Все знают, что он не боится драться с большими пацанами на селе. Жилистый широкогрудый крепыш, пятнадцати лет отроду, смачно жевал гудрон, сохраняя левую руку в глубоком кармане впереди. А правой, всё приглаживал густые молодые волосы, на запястье которой, синела наколка «Оля». Прыщавый гопник деловито ворочал челюстью, как будто этого подворья, корова, жевала травяную жвачку, внимательно рассматривая незнакомый двор.
               
Сплюнув в сторону, взбитую нефтяную слюну, не выпуская салажонка из виду, процедил: «Батьк с мамкой дома?». — «Нема! Папа, работая в лесу, мама на день рождение к бабе Кате пошла» — разоткровенничался робкий мальчик, — всё ещё не понимая: «А чё-й-то припёрлись местные хипари!».

  — «Хош!?» — сказал всё тот же главный, протягивая в ладони кусочек чёрного гидроизоляционного вещества. «Жуй! — Не ссы!»  Колька уже знаком был с этой гадостью, но покорно взял, бросил в рот, стал медленно разжёвывать, в голове торопливо перебирая варианты.
               
Высокий, как хвощ худой, и дёрганый Володька, по кличке «Стропила», выхватил из кармана «Плиску», с располагающей улыбочкой протянул Кольке. — «Клёвыя, затянись!». — «Не-э, я щё маленький!» — вновь промямлил владелец сломанной деревянной машины, чувствуя босыми ногами теплоту родной земли, своё неуверенное состояние, неосознанно ломая себя: «Взять или не взять? Хотя бы попробовать…  какие-то незнакомые…»

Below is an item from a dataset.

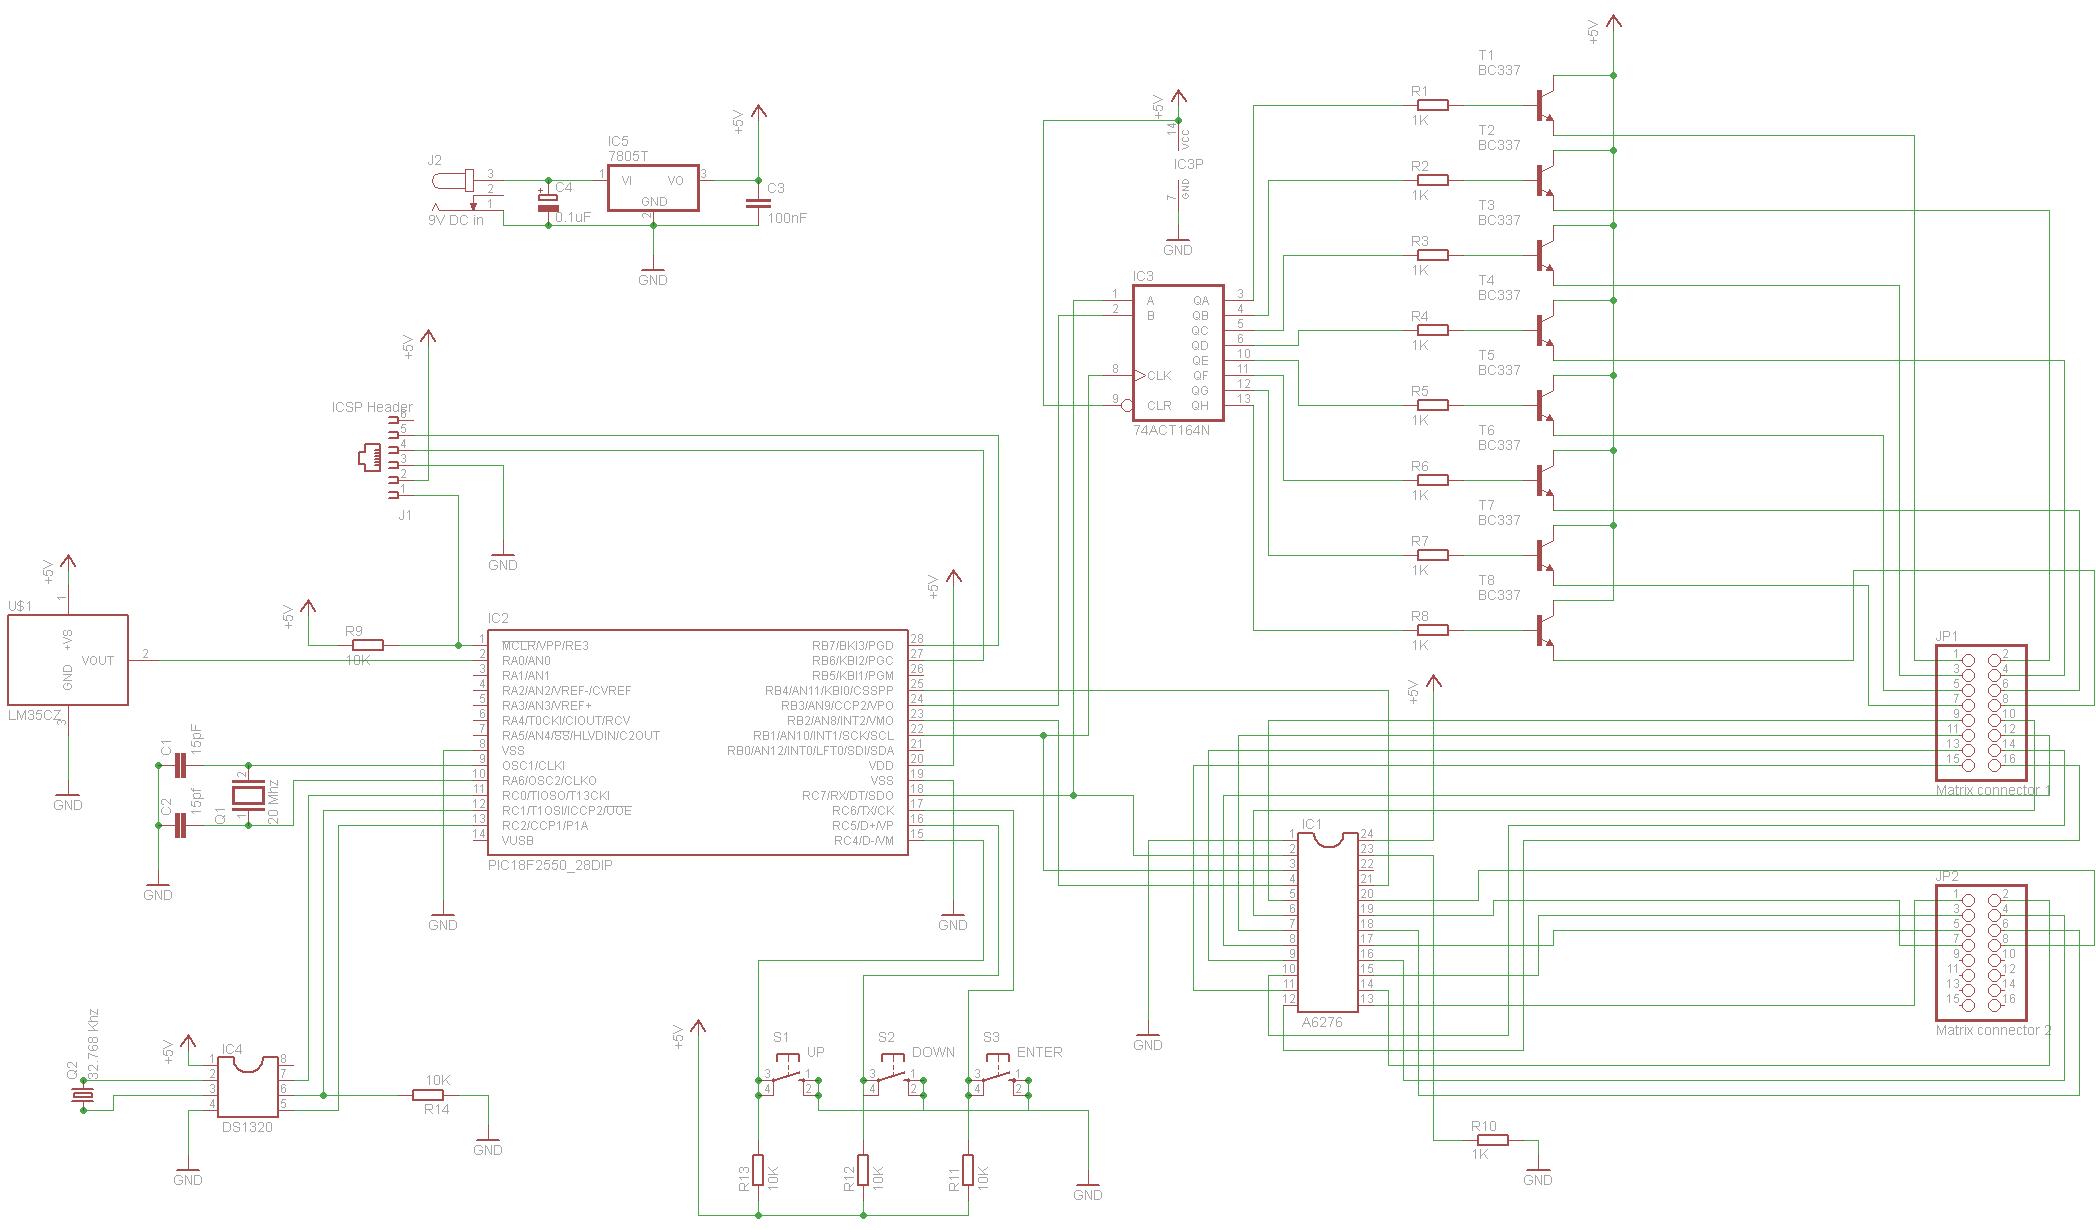 pic programmer circuit diagram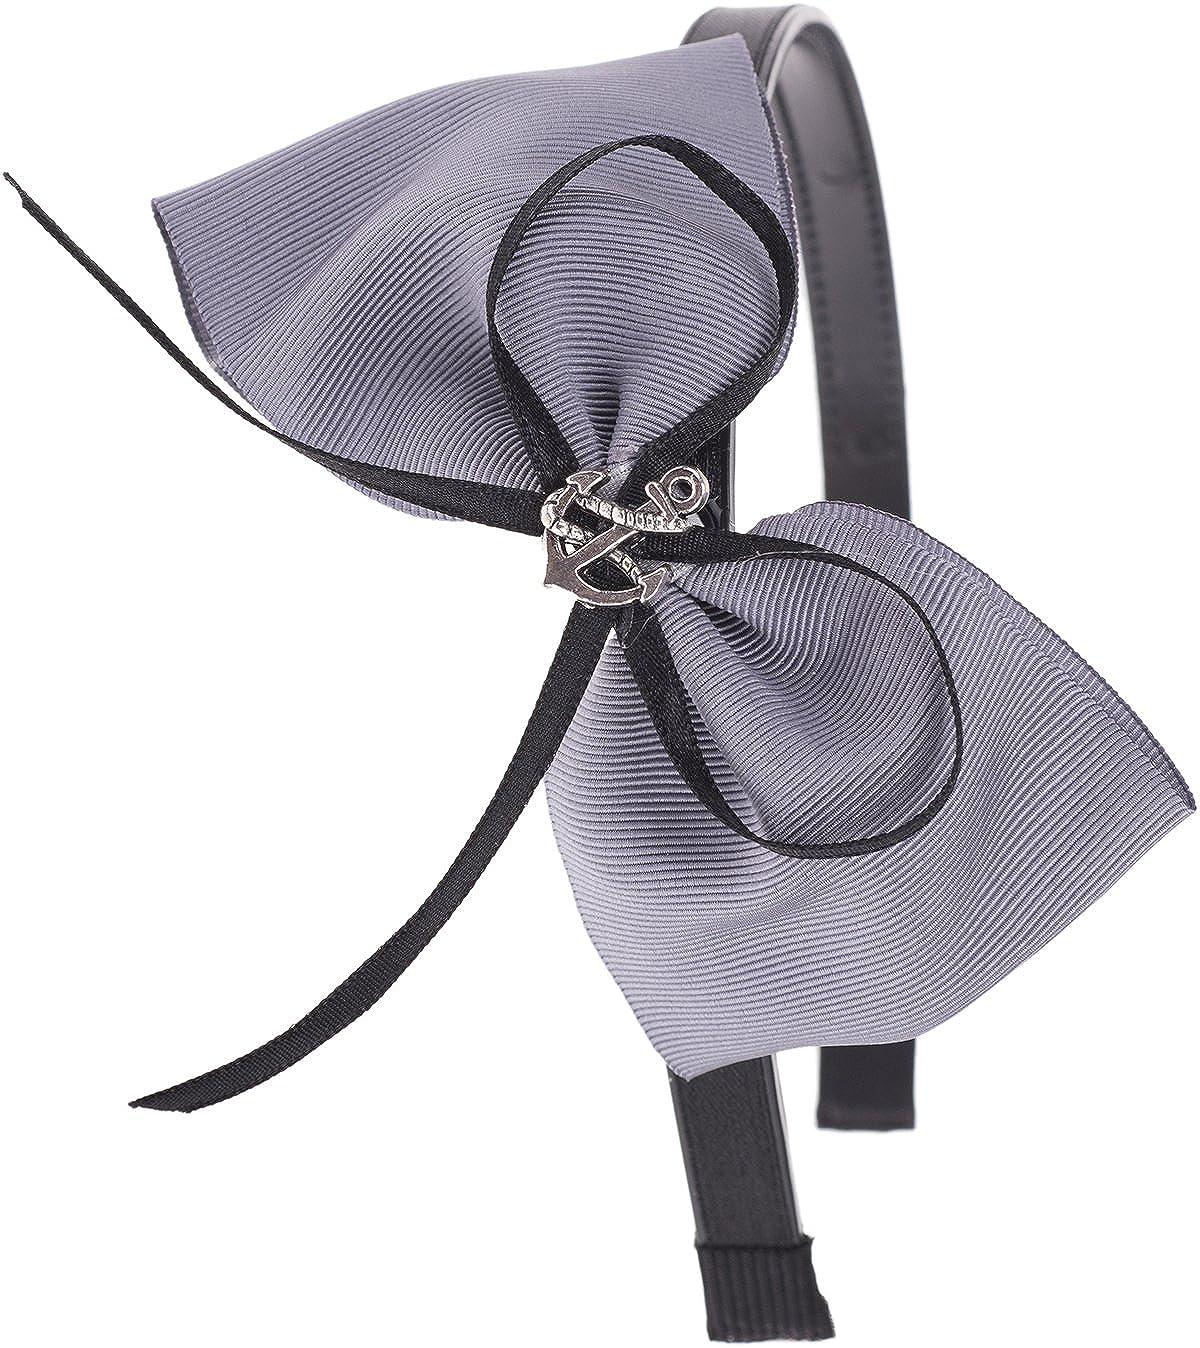 Sailor SOPHIE Anker ANCHOR Matrosen STAR Haarband Rockbilly

Его отец курит только «Прибой», «Беломор» и «Север», а бывает в худой день и махорку. «Да, бери Александрыч, — дебёлая сигаретка!». Мишка же, протянул мятую пачку «Золотого руна». «На, м-их спопробуй! М-и луче!». Эта пачка была правда красивей и больше, поэтому Колька взял у кудлатого Мишки. Он же помог и с «подкуркой».

                4.
               
               Колька уже пробовал всё курить, даже осенние сухие листья в козью ножку крутили за огородом с пацанами, пуская дым глупого любопытства, окончательно понимая, что ничего хорошего в этом нет! И вот, не прошло четырех минут, как Колька уже жевал чёрный гудрон. Смущаясь, пускал не смелый дым, боясь сделать глубокую затяжку. Внутри плескалась вода радости, от неожиданной дружбы с такими грозными старшеклассниками, которых многие сторонятся в округе. «Слыш Кольк! Ты хочешь с нами дружить?» — снова сплюнул нажёванную слюну щербатый Серёга, выхватив из левого кармана, миниатюрную наборную финку, и стал ей мастерски крутить между пальцев, лихо, перекидывая из ладони в ладонь.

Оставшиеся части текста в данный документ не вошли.